In the Groden movie, which used contemporary footage, Connally is sitting directly in front of Kennedy. Why can’t we see with our own eyes what Bugliosi says happened? Because this was the ‘60s and it was an amateur home movie. The quality of all the various videos taken that day—including the film by Zapruder, who was standing closest to the president during the shooting—was so poor that even close-up shots made it difficult to discern what happened (http://www.youtube.com/watch?v=I-cri43ttTo&feature=related). As well, the car passed right underneath a large metal sign to the Stemmons Freeway, slightly before the shooting, further impairing our visibility.

As an example of the poor resolution of the film, Groden made a case for a "Black Dog Man" standing up on the grassy hill behind the picket fence, but when he focused in on the image, all I could think was, "Good grief! Where’s my magnifying glass? Or better yet, my telescope!" It would have taken extraordinary vision and imagination to have distinguished a human face on that film. What was disconcerting, though, in this movie, which was not even mentioned in Reclaiming History, was that Groden interviewed a number of doctors at Bethesda Hospital who either treated Jack Kennedy in the emergency room or performed the autopsy. And when he showed many of the physicians, as well as a nurse, the autopsy pictures, they all said that those were not the original photos. Groden concluded that someone had altered the original x-rays.

But Clint Bradford (http://www.jfk-info.com/groden-1.htm) discredits Groden's reputation by saying that Groden testified at the O.J. Simpson trial, stating that he had neither photographic credentials nor a high school education; made his living by studying the assassination and acting as a tour guide on the motorcade route; suffered several strokes with subsequent memory loss; and stubbornly refused to recant his testimony about a photograph of O.J.'s shoes, insisting that the picture had been tampered with when 30 other photographs reflected the same shot.

Bugliosi didn’t evaluate The Case for Conspiracy; however, he spent an enormous amount of time examining the 1991 blockbuster hit JFK by Oliver Stone. JFK followed the life of Jim Garrison, a New Orleans district attorney who became obsessed with the idea that multiple shooters had been hired to eliminate Jack Kennedy in order to advance the war in Vietnam.
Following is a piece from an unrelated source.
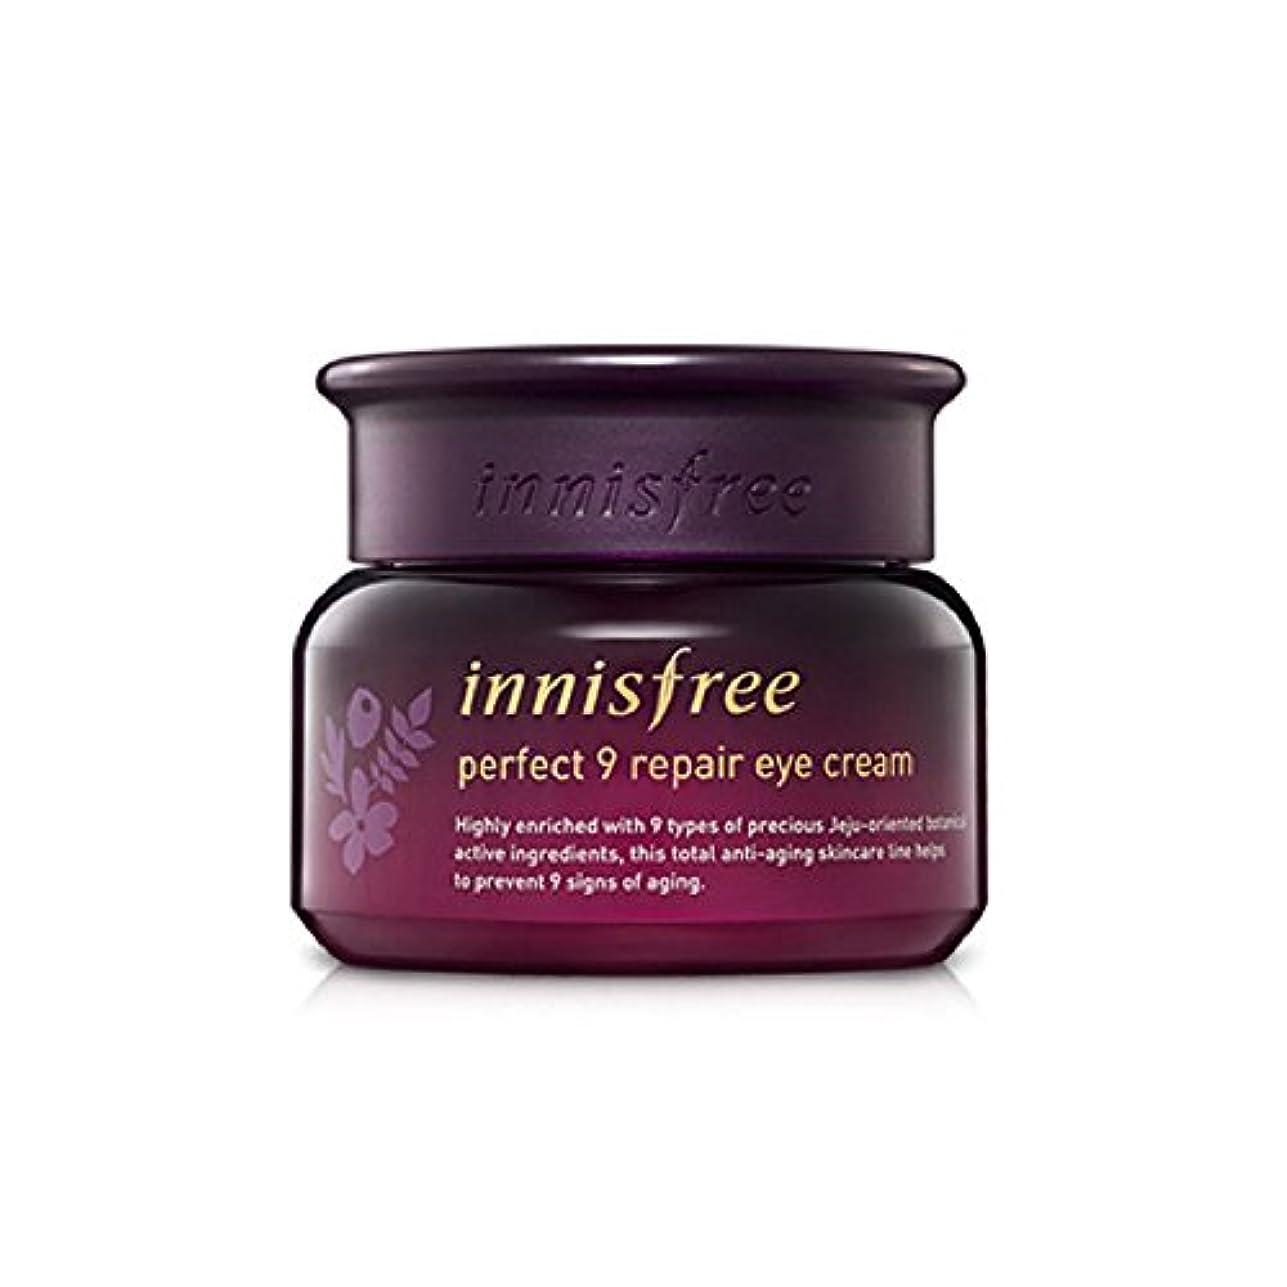 ピット垂直寄生虫イニスフリー Innisfree パーフェクト9 リペアアイクリーム(30ml) Innisfree Perfect 9 Repair Eye Cream(30ml) [海外直送品]

In 1969, Garrison fingered local businessman Clay Shaw as a participant, with no evidence whatsoever according to Bugliosi, who claimed that Garrison changed his story and his target frequently after Shaw was proven innocent by a jury in less than an hour—54 minutes to be exact. It was perfectly clear to the jury that Garrison had persecuted an innocent man. A key witness, Perry Russo, who was left out of the movie altogether, apparently made his accusations about Shaw’s involvement under hypnosis, and Garrison, through an assistant, had tried to bribe at least one witness to supply false testimony. A number of critics believe that Stone played fast and loose with the facts in JFK, but unfortunately, it became a huge hit; thus, the idea that the Warren Commission had committed the biggest cover-up of all time became imprinted in our cultural history.

Conspiracy theorists have suggested that Oswald was a lousy marksman and had an inferior weapon. But Bugliosi said that Oswald actually won marksmanship awards in the Marines for above average shooting—he was good but not an expert—and that his rifle was perfectly workable. Some believe that Oswald never had the time to fire off three rapid shots with that type of rifle, but both CIA simulations using Oswald's actual gun and CBS simulations using the exact model of Oswald's gun have proven that it could be done in even less time than it took Oswald.

There are some conspiracy buffs who think that the Zapruder film was spliced because certain frames were missing. Bugliosi explained that Life magazine damaged a few frames accidentally after Abraham Zapruder sold them his film, but wisely he had made several other copies, which were not damaged. Ergo, the missing frames are still available and nothing out of the ordinary occurred in them.

What we do know about Lee Harvey Oswald, Bugliosi stated, is that he owned the rifle, his prints were on it, there were three bullet casings with his prints on them on the sixth floor of the Book Depository where he’d been standing, and he was a Marxist who opposed American government. That’s Bugliosi’s story and he’s sticking to it. But there are those who vehemently disagree with his ballistic interpretation, like James DiEugenio.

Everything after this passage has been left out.